This probably already exists
…and is why no text on the Internet after 2017-2018 can be trusted to be from a real person, rather than an LLM bot farm.
Method
- First we extract location and background info from users that we have training data for. It’ll help if you’re a nation state actor and have collected everyone’s details for two decades, but it may be possible to do it using public info too. Like identify Reddit users, Usenet posters, Twits etc by grossly invasive data mining. Obviously the org doing it would need to be in a location with awful data protection laws. Using data leaks might help too. But the idea is to create a knowledge graph of individuals with queryable demographic details, and collect their personal writings. We know that most large companies have this data in droves.
- Identify high level groups that represent these groups of people. Location, age, background, and so on, and extract their text
- Train an LLM so it predicts tokens from the given demographics and individuals.
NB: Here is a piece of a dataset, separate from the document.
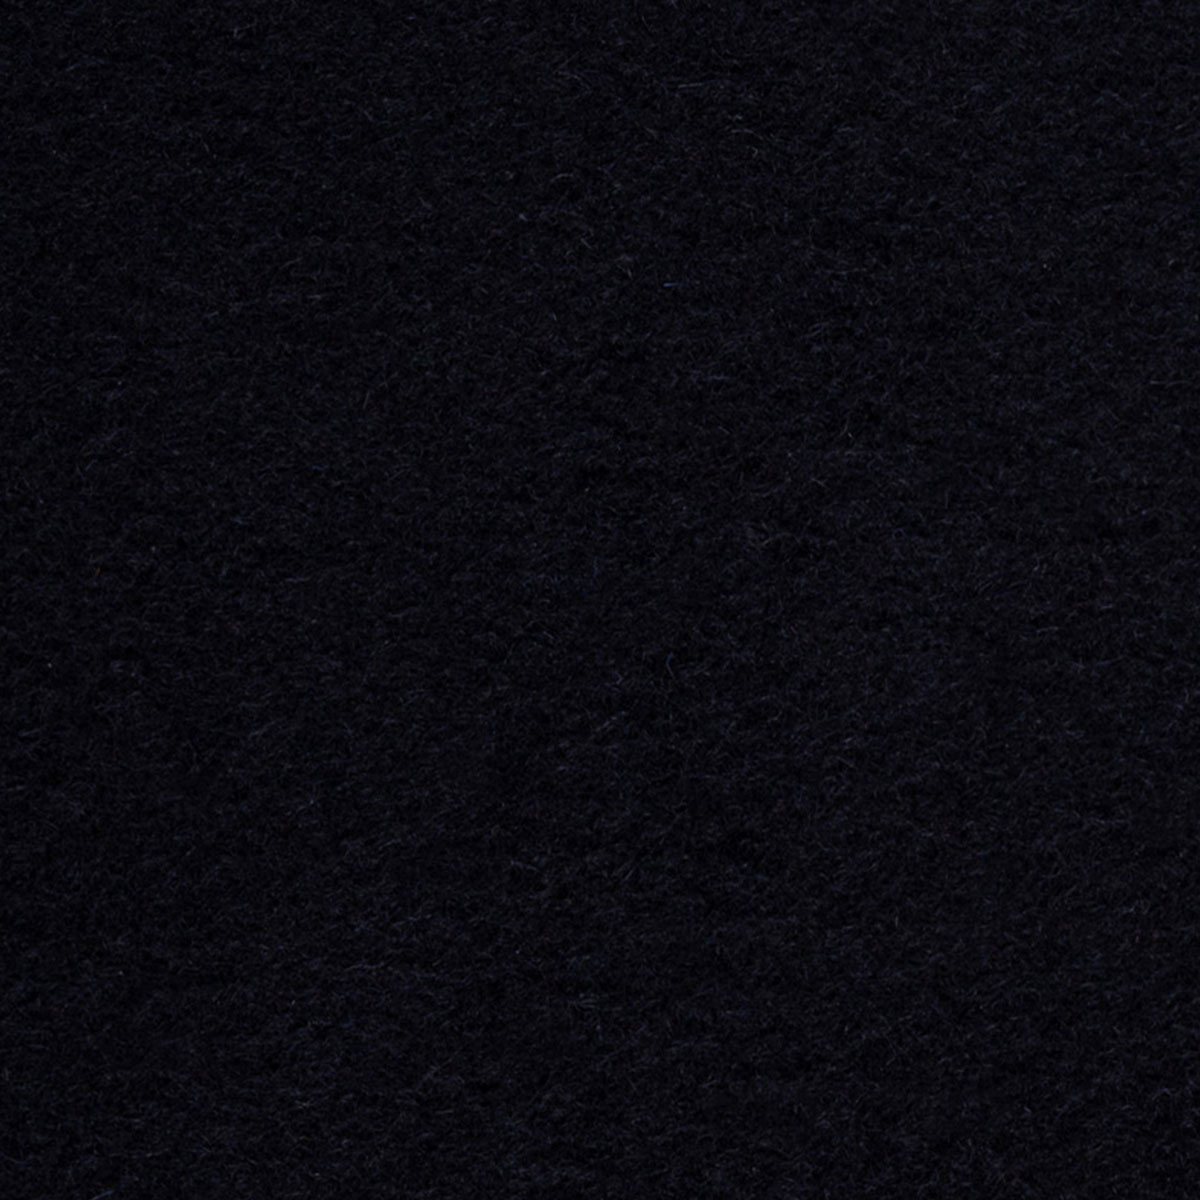 Oberstoff in dunkelblau aus Wolle und Polyester
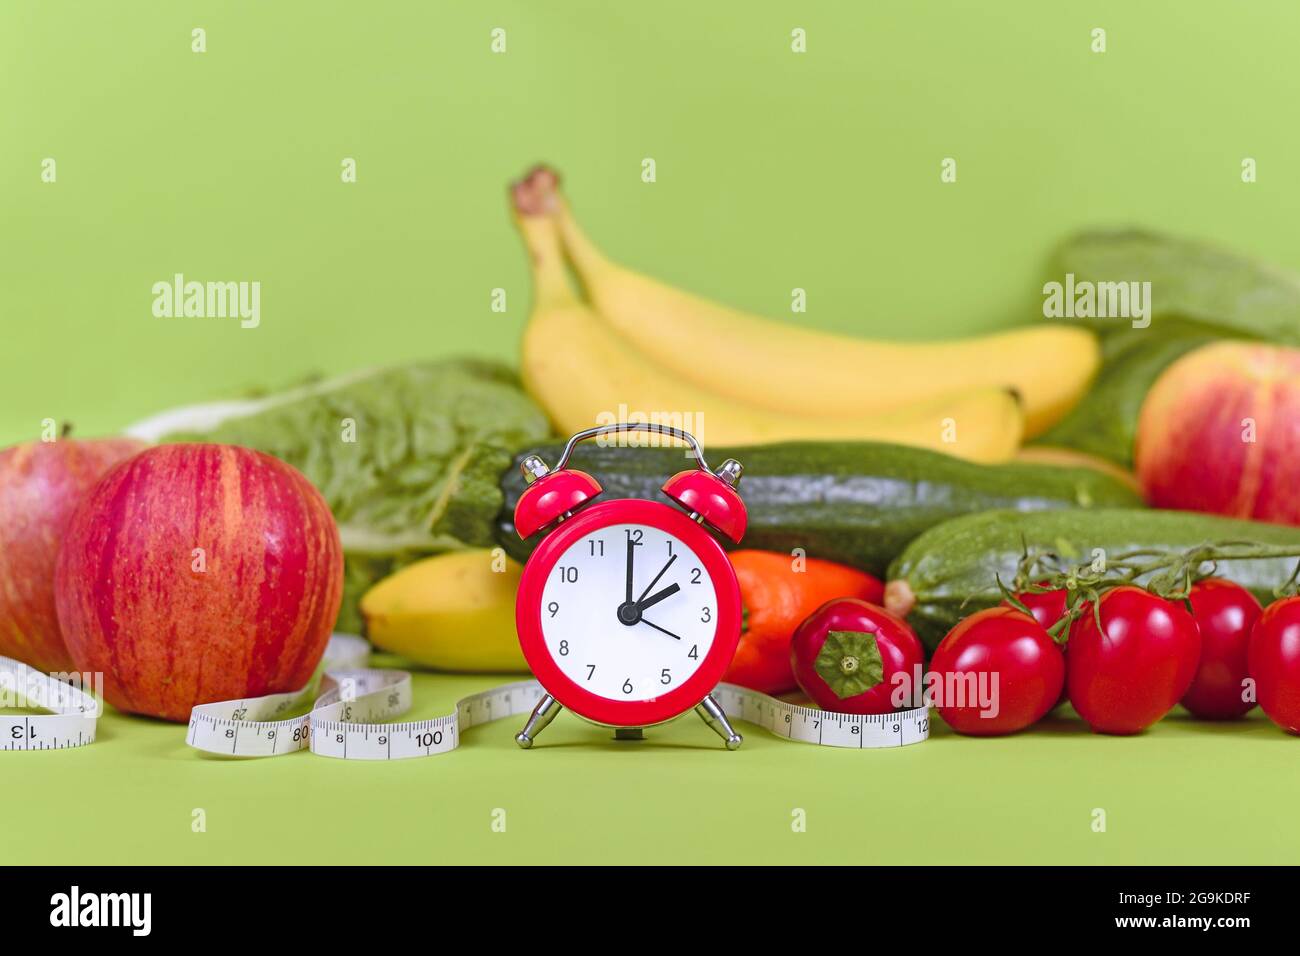 Concetto di dieta per perdere peso con solo mangiare cibo sano in determinati momenti con verdure, frutta, metro a nastro e orologio Foto Stock

- Train it the other way, so it can detect demographics from a corpus of text and source locations. This may need some kind of extraction technique first.
- Infer personality types from the data as well as demographics.
Uses
Target manipulation
Target specific individuals or broader demographics by fine-tuning using email history and other information, and test their responses to different angles. Use the model to actually get an idea of how they might feel about a topic, how they’re best manipulated, where their vulnerabilities are and so on.
Chat with the model, train it on responses.
Use cases here:
- Political campaignig
- Individual marketing
- Incitement by agent provocateurs
- Astroturf testing
- Causing outrage / unrest in specific populations for political ends
- Targeting specific people in groups with high levels of influence
- Politicians
- Celebrities
- CEOs
- The press
Target reconnaissance
Use it to figure out the chance that a person belongs to specific demographic groups, or go meta on this and use it to find the best questions to ask that cause the target to reveal the most amount of information about themselves.
This can then be used as a way to find hunted people in a list of candidates, so is likely very useful for military intelligence. Extracting info from targets could be used to get blackmailable information from large numbers of people across an economy, like presumably how porn sites are used by Western powers.
Troll farms
Pick tons of people in the distributions you want to emulate, generate back stories and use bots to post online using their specific point of view. We should be able to write a complaint from the point of view of a 32 year old nurse who is a single mother, born in Manchester, with one brother etc etc.
Repeat this a million times, you’ve got an army of different personalities that can be used to push any agenda.
Bot and owner detection
Actual people are likely out-of-distribution and far less predictable than text generated by a language model. Text created by a langauge model will be in the distribution of its data sets.
Those who have the largest data sources and know what data sources other people should be able to detect variance from known data collections, and not only figure out the difference between a bot and real person, but also who is running the bots.
Corporate sabotage
Knowing how you can manipulate decision makers, it ought to be possible to not only make them buy products that aren’t the best choice for them, but to trick them into making decisions that trap them and cause problems.
This could be as simple as using multiple users to ask for a product that’s too expensive to make or maintain, be missold products or services that aren’t right for them, overstretch themselves, change direction at the wrong moment / false pivots.
By investing a bit in minimal services from a company, false demographics could be created, then rug pulled later.
Uses:
- economic espionage and sabotage
- hurting your competition (fire and motion, but the motion is the wrong way)
- hedge funds who have shorted a company and then want to collapse it for financial gain.
- Tricking companies into creating services that need to exist before some other play can be made, at their expense.
Sybil and asymmetric warfare attacks
Contain, control and influence people, or waste their resources by surrounding them with false personas that exist to take interaction time from real people.
Impersonation and fraud
Personalized attacks by impersonating the writing style and backrgound context of their real contacts.